Doyle appeared, and Kirk, after a shaky sigh and a curt bow, left the room. Mountjoy returned to his desk, but he could not concentrate on the tasks at hand. He wished Doyle had brought a brandy.
Someone tapped on his door. “Come,” he said.
The door opened. Slowly. Too slowly for the efficient Doyle.
He knew it was Lily before he saw or heard her. “Mountjoy?”
This should not be happening to him, that a woman’s presence should make his heart pound and his body shiver with anticipation, with doubt, and with outright lust. Shouldn’t, but was. He stood, though he stayed behind his desk, fingertips resting on top. “Yes?”
Lily was so beautiful it hurt his heart to look at her, yet what he wanted to see from her wasn’t that angelic perfection but the impish smile that meant she had the measure of him and intended to make him pay. Mountjoy, still on his feet, carefully, very deliberately, capped the ink and placed his quill in the stand.
“May I come in?” She gripped the side of the door. “I understand you’re busy, but I’ll only bother you for a moment.” She put her other hand over her heart. “I promise.”
He made the same gesture to the near chair as he’d done for Mr. Kirk. “Please.”
She came in and sat on the chair, back straight, hands resting lightly on her lap. She wore a pale gray muslin with narrow vertical stripes of a darker gray. A fiery orange ribbon was threaded through her hair.

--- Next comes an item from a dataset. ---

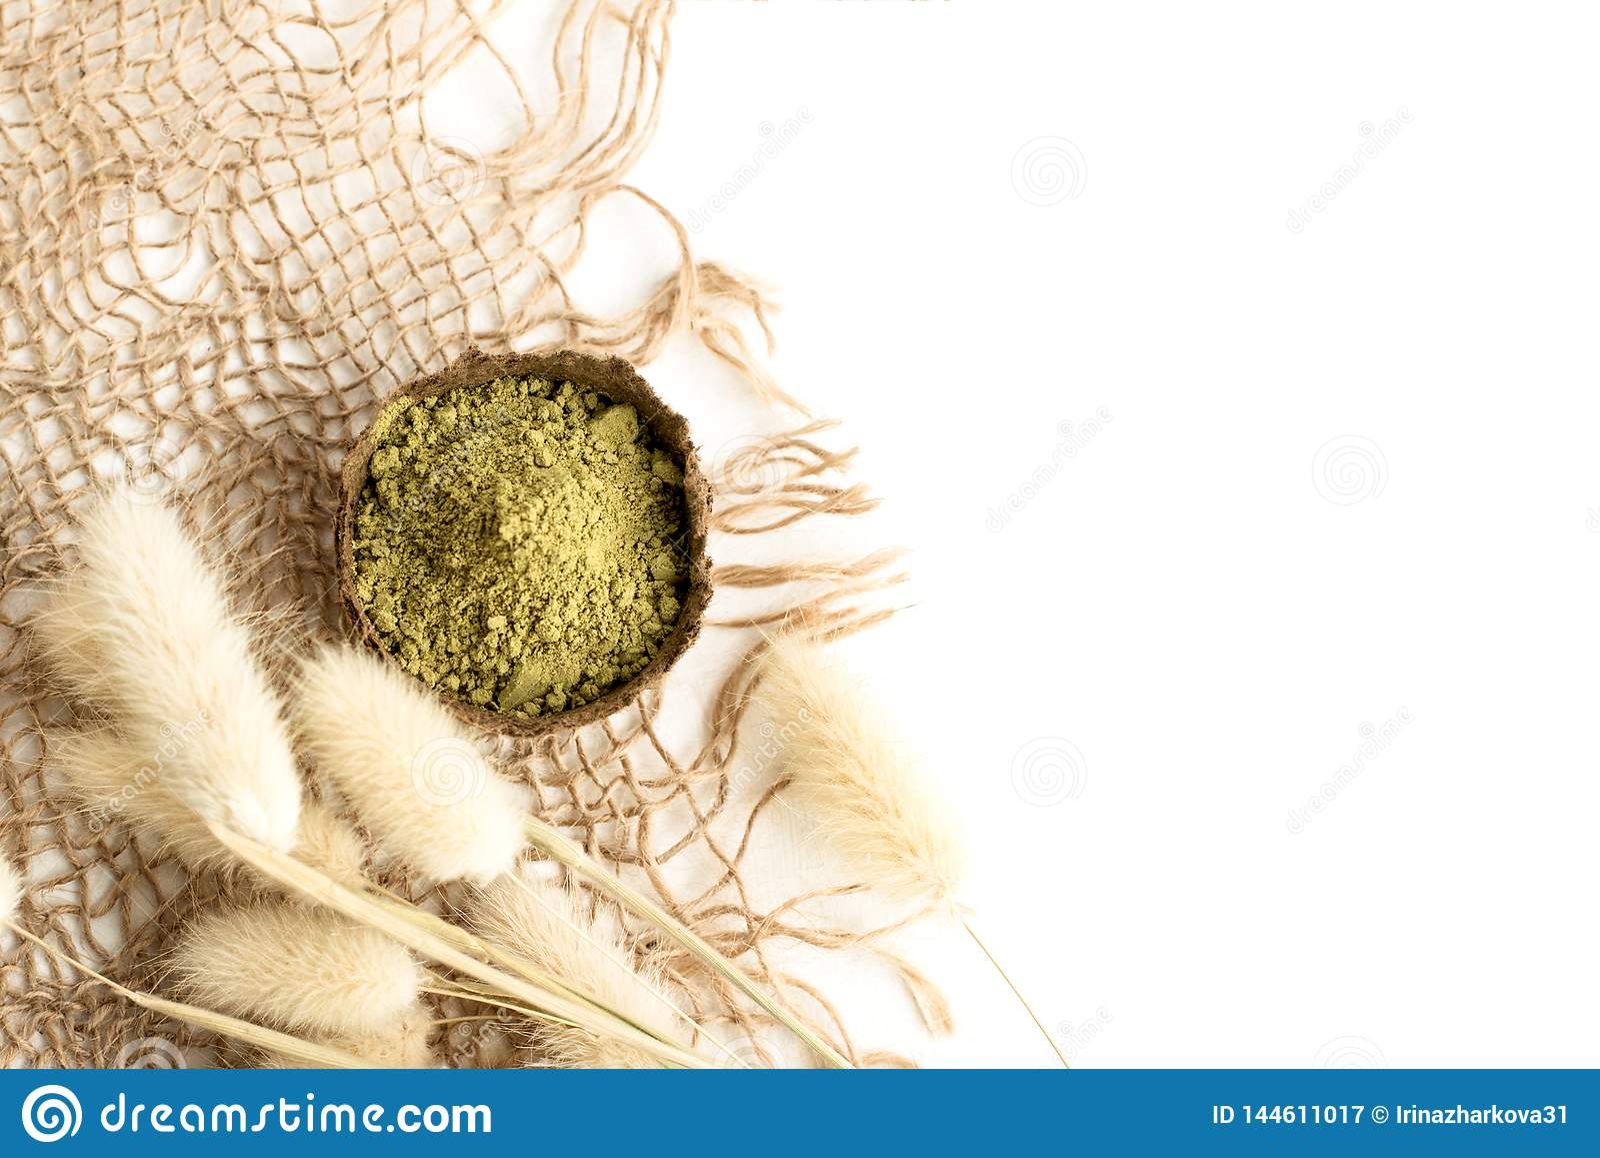 Henna σκόνη για τη βαφή της τρίχας και των φρυδιών και το στρέθιμο της προσοχής του mehendi σε ετοιμότητα, με το πράσινο φύλλο πα

The effect was, as ever, flattering to her, without there being any obvious reason why. “Sit down, your grace.”
The door was open. If he could have closed it with a look he would have. If he could have changed whatever thought or concern had made Lily choose to leave it open, he would have done that, too.
“You heard all that I suppose.”
“Yes.”
He didn’t sit down. “It isn’t true,” he said. “About Jane and me.”
She leaned forward. “It was impossible not to overhear. He was quite angry.” She met his eyes, and all he could think was how she’d looked in his arms last night, the sound of his name on her lips, the way she’d felt around him. “Is aught well with you?”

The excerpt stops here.